前近代社会は土地支配の上になりたっていた。日本の江戸時代、幕藩体制といわれ、徳川の本家が七百万石、関東一円と各地方の天領を支配していた。つぎに親藩、連枝、譜代の大名領があり、ここまでが政権を支える勢力であった。全国の土地収入の三分の二に相当する。残りが中立、やむを得ず服従の大名領であった。
領地のなかで、武士と呼ばれる戦士の集団が、それぞれの持ち分を世襲の権利としてもっていた。いわば集団所有ふぇある。
フランスの前近代社会では、ヴェルサイユ城に三千人の大領主が集まり、政権を組織していた。つぎに日本のような集団所有はなく、領地は個人のものであった。大、中、小の領主がいて、これらが戦士、貴族であり、剣を持つ。

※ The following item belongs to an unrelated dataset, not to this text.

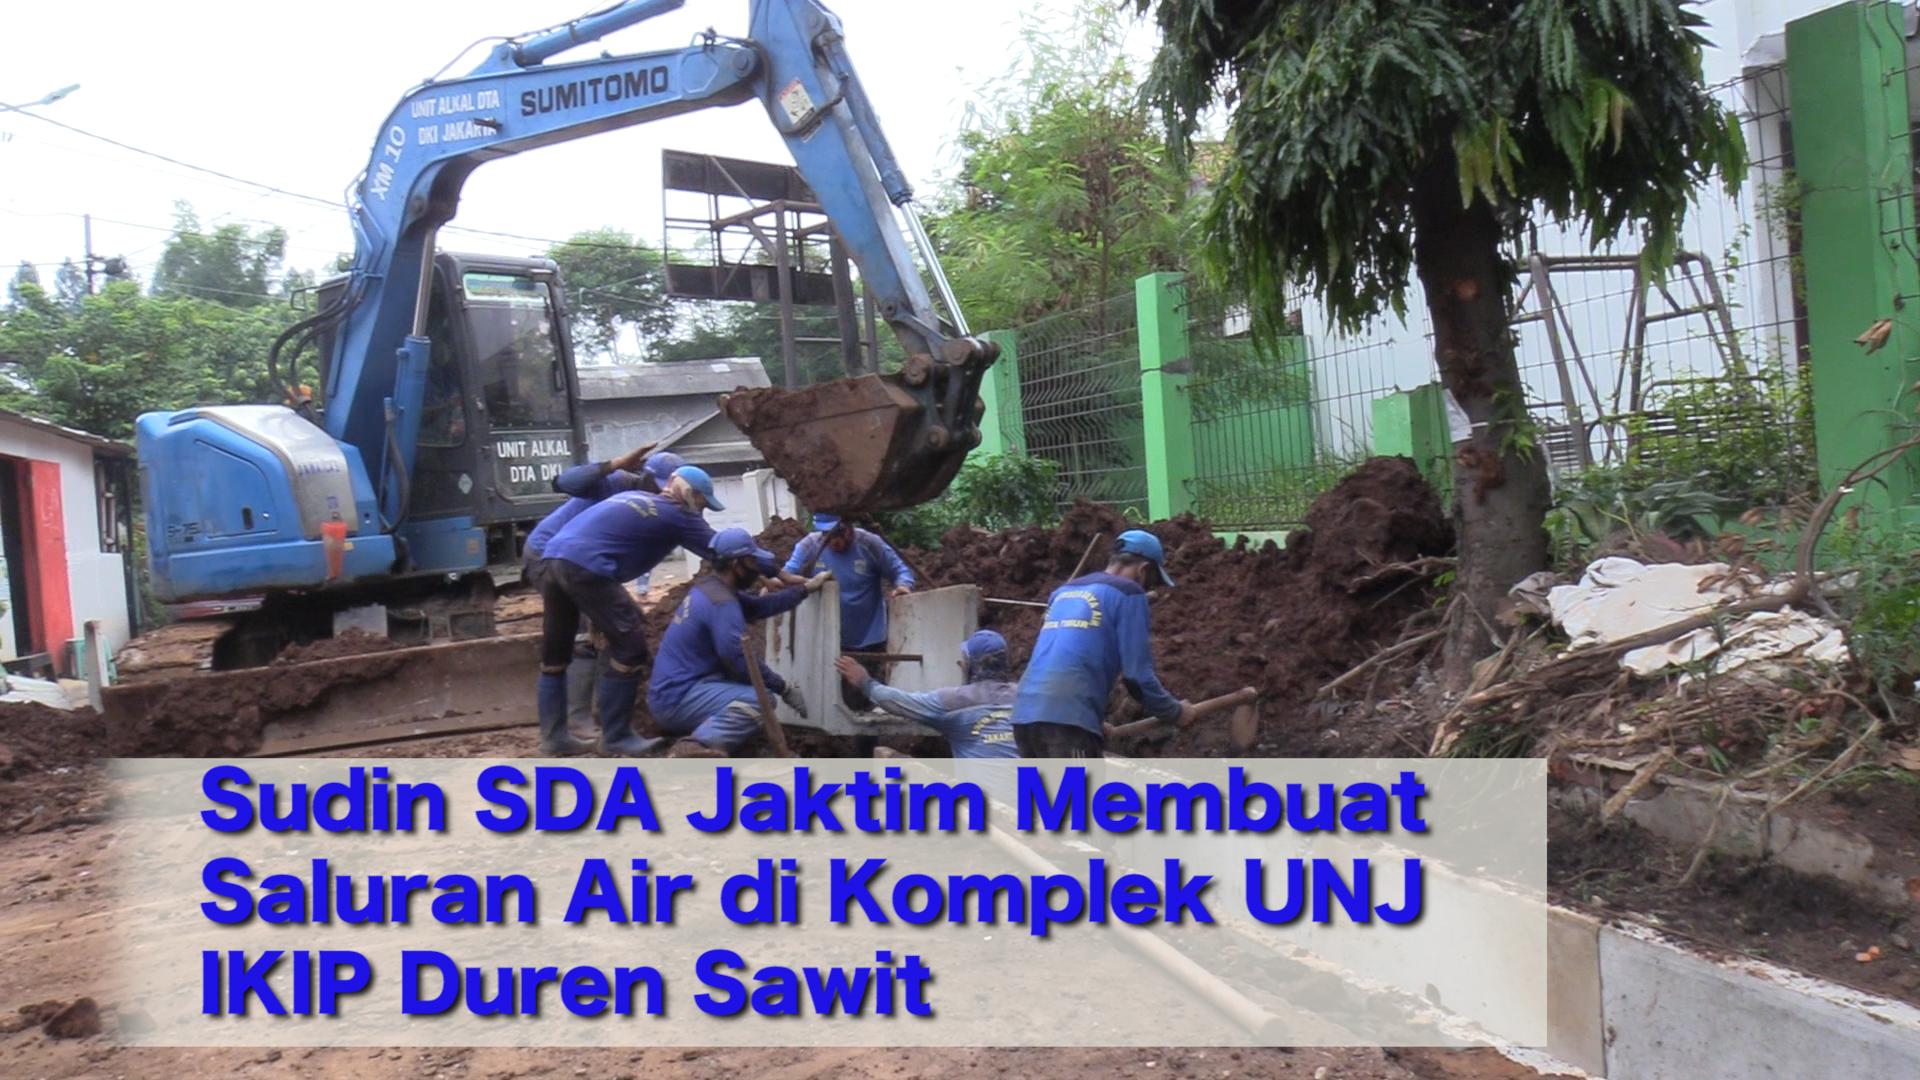 Sudin SDA Jaktim Membuat Saluran Air di Komplek UNJ IKIP Duren Sawit

日本の武士と同じである。
こうした土地万能の社会を破壊したあとに来るものが、近代社会である。

2017年7月23日日曜日

三、新時代を象徴する一言

1830年の7月革命で首相になった銀行家のラフィットは、新国王ルイーフィリップを迎えて、「さあ、いよいよ銀行家の天下だ」といった。その後の十数年は、オートバンクの専制政治立ったと言われる。上層銀行という意味である。
新国王は財布の王と翻訳されるが、これは誤訳で、もとのフランス語は、証券取引所といういみである。これを見るだけでも、新時代の支配者集団は誰かが納得できるだろう。
日本では、明治維新、討幕の直後、岩倉具視が西園寺公望に「これからは、いちにもににも金の世の中、いまなら土佐屋敷が安く手に入る。これを買いなさい。きっ
とおためになる」といった。西園寺公望はやがて住友家と縁組みをして、首相、元老として、第二次大戦まで権力を動かすことになる。

2017年7月21日金曜日

二不動産支配と動産支配の違い

前時代の支配者は不動産、すなわち土地支配のうえにたち、新時代の支配者は動産支配のうえにたつ。もちろん、両者共同で支配するということもありうるが、指導権争いの結果どちらかが勝利する。

2017年7月19日水曜日

1近代市民革命の基本法則

近代市民革命の基本法則とは、大土地所有者の集団の権力を破壊し、実業家の集団が新権力を組織することである。